Because the new DSM-5 criteria are easier to obtain than the DSM-IV diagnosis, it is subject to many false-positive results. It was reasonable the DSM-5 criteria would increase the number of symptoms for SUD, but they decreased the number of necessary symptoms. One review predicted the lowered criteria would produce a 62 percent increase in SUD diagnoses in the general population compared to the DSM-IV criteria.12
The second problem was that the new unitary diagnosis incorporated the invalidity problems of the old substance abuse diagnosis. A person whose substance use led to social or interpersonal problems and the inability to fulfill major role obligations met the revised criteria. For example, someone who argues with their spouse about smoking in bed could have a “tobacco use disorder.”13 Changing patterns of law enforcement, legislation, and social attitudes might all influence the prevalence of the new diagnosis: Localities that established checkpoints for drunken driving could at the same time be increasing levels of a mental disorder. A law that legalized medical or recreational use of marijuana would simultaneously decrease rates of mental disorders in that state. Someone could become mentally ill by moving from one state to another! Instead of having one valid and one invalid substance use condition, as in the DSM-IV, the DSM-5 criteria had a single diagnosis that could often be invalid.
Third, the new diagnosis was more heterogeneous than previous manuals. It confounds dysfunction and social deviance.14 It combines in a single entity someone who persistently uses large amounts of a substance, is unable to stop using, and has constant cravings for it with someone who oversleeps and misses an exam.15 It outnumbers the former, resulting in misleadingly high estimates of SUD.
The DSM-5 changes to substance use disorders have led the area to become, in the words of one of its leading practitioners, Griffith Edwards, “a field in disarray.
They blurred the distinction between mental disorder and social deviance and conflicts between individuals and society, created the potential for large numbers of false positives, and led to greater diagnostic heterogeneity. These changes refute the proclamations that diagnostic changes reflect growing knowledge and show how diagnoses can regress from their portrayals in earlier manuals.
Just a year before the DSM-5 was published, APA president-elect Jeffrey Lieberman proclaimed, “Since DSM-IV was released in 1994, there has been a wealth of new research and knowledge about the nature and frequency of mental disorders, how the brain functions and its neurobiology, and the lifelong influences of genes and environment on a person’s health and behavior. Accordingly, the new edition—DSM-V—will reflect that new body of knowledge.”16
The DSM-5 closely resembles its predecessors: the grand ambitions of its creators are not evident in the diagnostic section, though they are found in its appendices. While no evidence of brain functions, neurobiology, genes, or the like is found in the DSM-5, it maintains the descriptive, categorical, and theory-neutral approach of the preceding manuals. The search for unbiased diagnoses grounded in objective tests is no more advanced than when the first modern classifications emerged a century ago.
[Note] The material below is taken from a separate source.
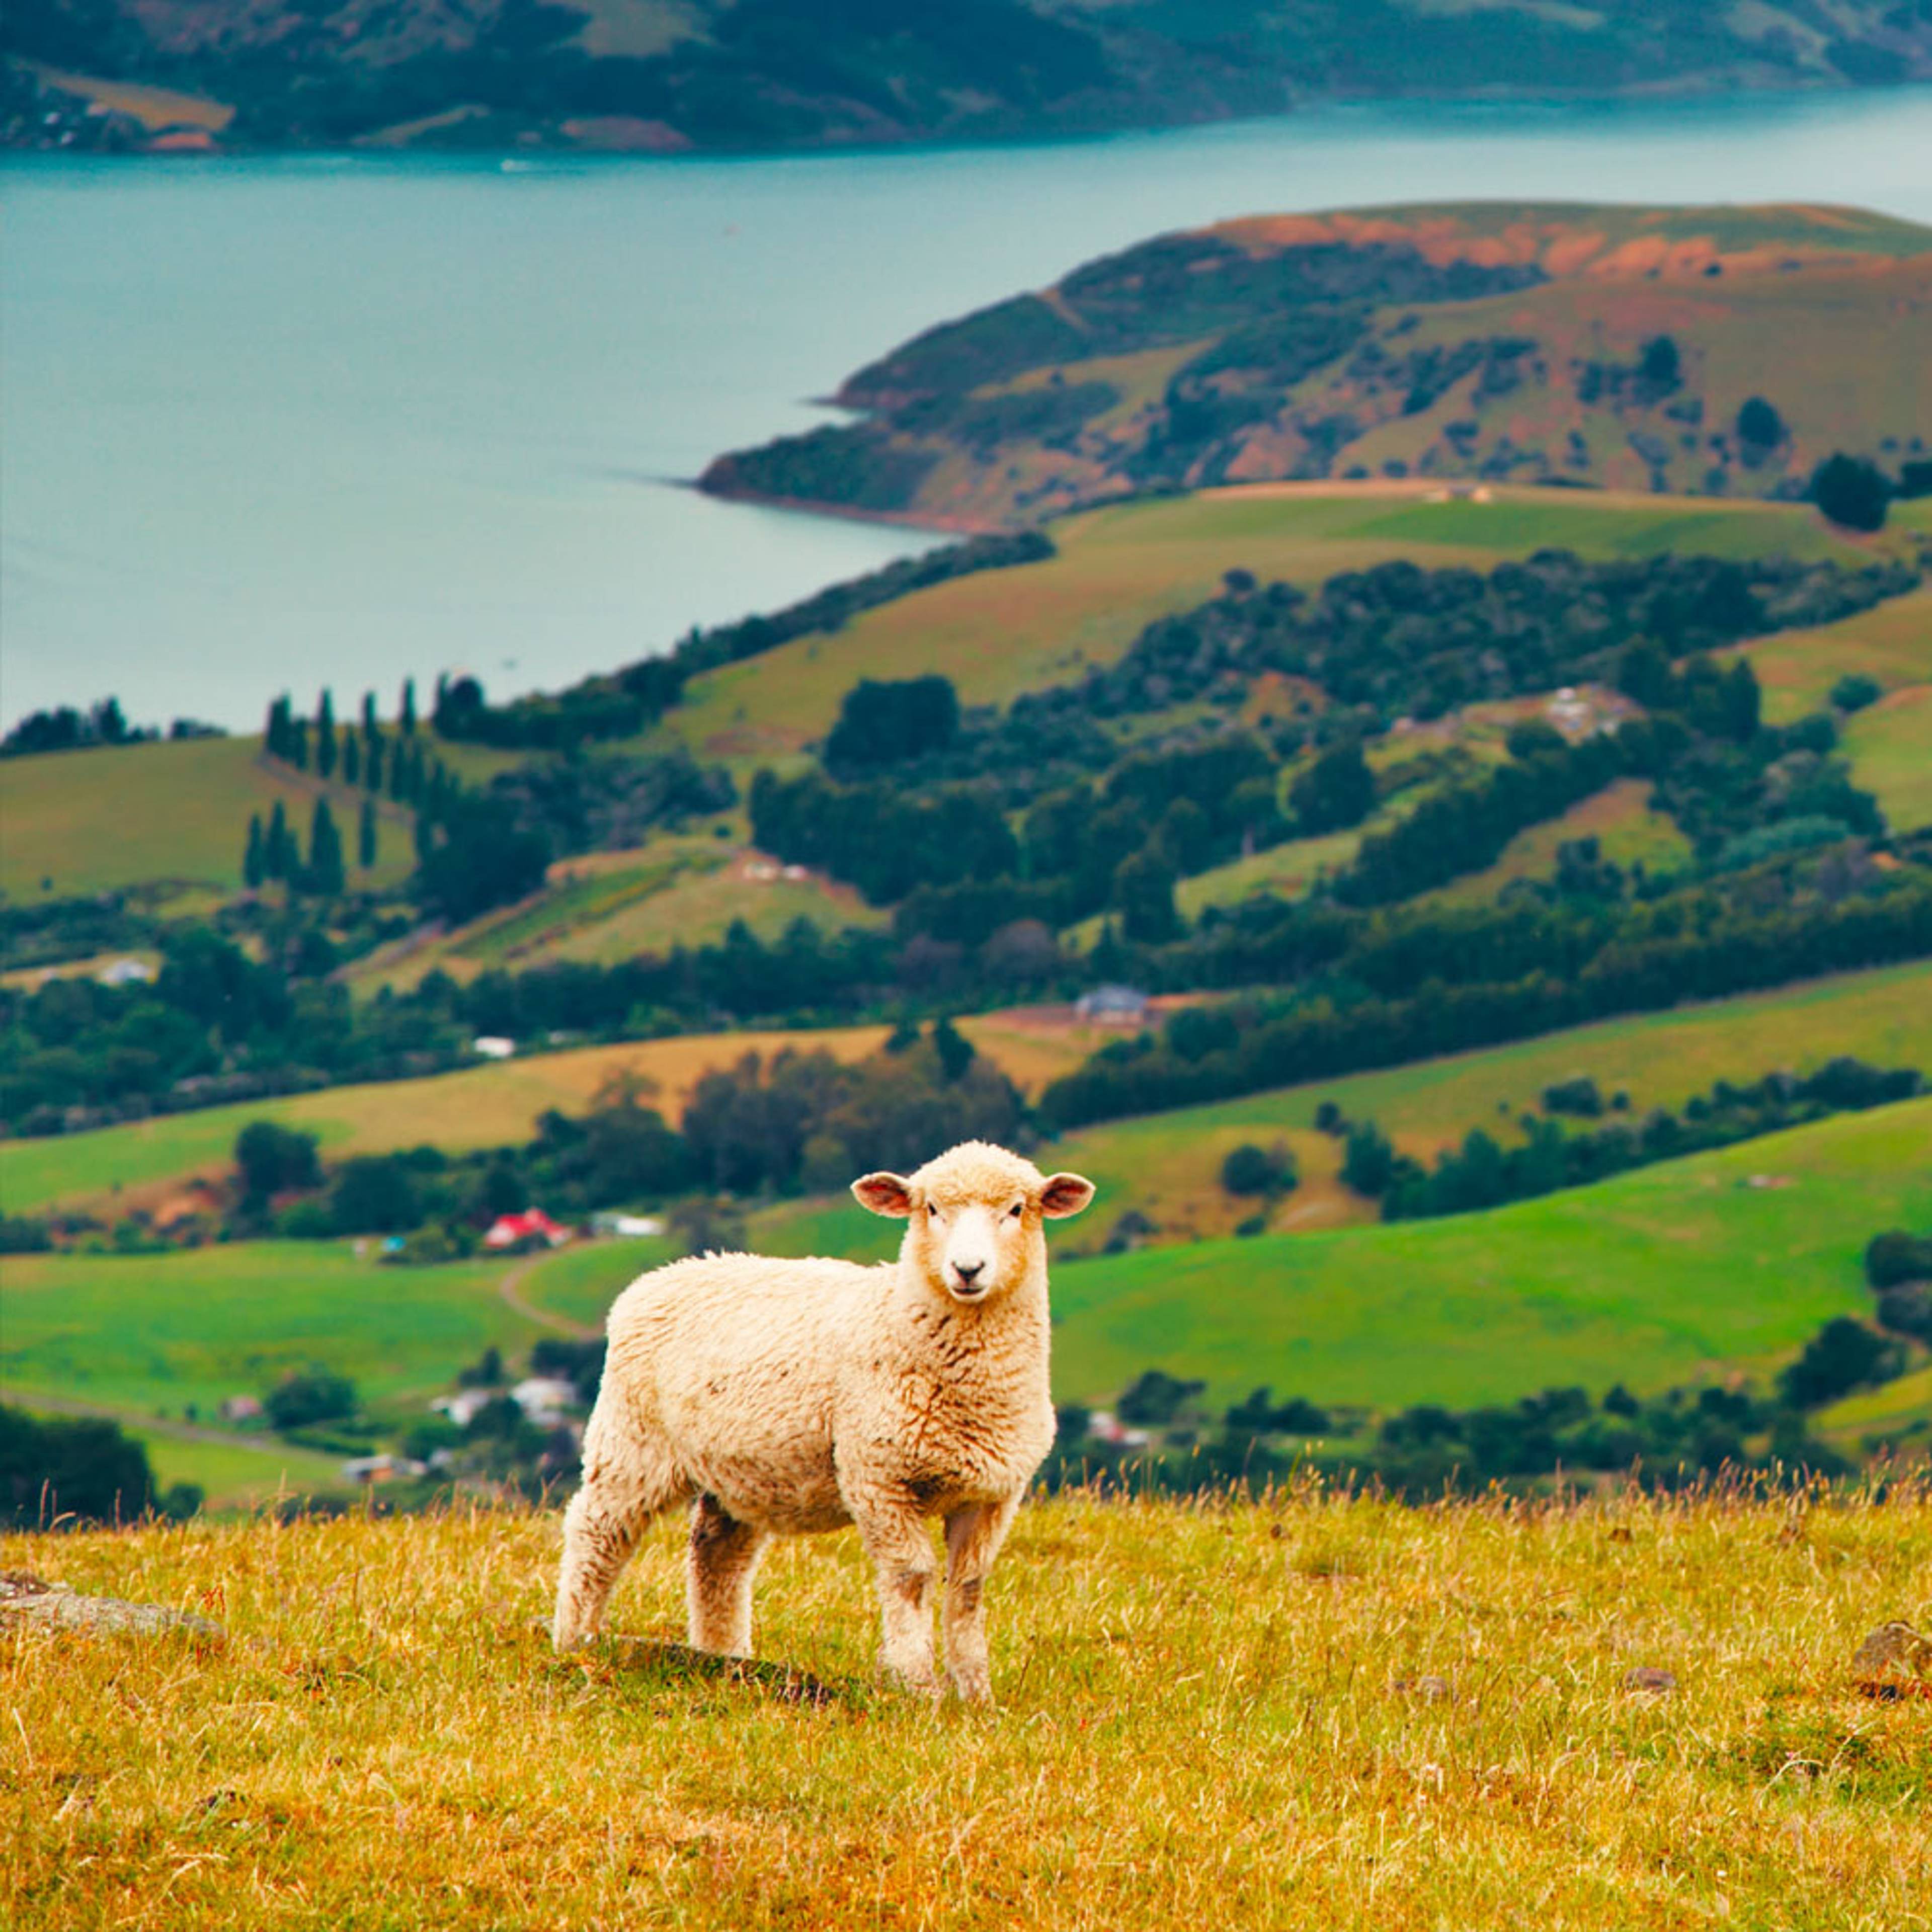 Votre voyage Trois semaines en Nouvelle Zélande 100% sur mesure

Only external signs and symptoms are still the only resources available to categorize disorders.
The DSM-5, with its predecessors, was marked by hostility, controversy, and factionalism. The leadership of the revision process and the NIMH repudiated and delegitimated the basic structure of previous DSMs. The APA membership and trustees rejected researchers’ aspirations to implement a new diagnostic paradigm. The process revealed the distinct functions of the DSM. Kupfer, Regier, and the task force were tone-deaf to the importance the DSM had assumed outside of the research community. Clinicians are often skeptical about the inherent reality of diagnoses but require them for practical reasons. One psychiatrist who combined both roles observed, "I am incredibly disciplined in the diagnostic classifications in my research, but in my private practice, I’ll call a kid a zebra if it will get him the educational services I think he needs."17
No single diagnostic system can satisfy both constituencies
The DSM-5 Task Force failed to understand that psychiatric diagnoses cannot solely reflect the findings of research committees, epidemiological studies, and field trials. For most APA members and other interest groups, the DSM has become an indispensable practical tool. Clinicians were unconcerned with issues regarding dimensions, categories, or kappas, and they did not have to believe in the validity of the DSM diagnoses. Most patients and their families required a diagnosis to be reimbursed for treatment and receive other forms of valued resources. The extant DSM was well suited for their needs, while a new dimensional system would have been a radical transformation with unknown consequences.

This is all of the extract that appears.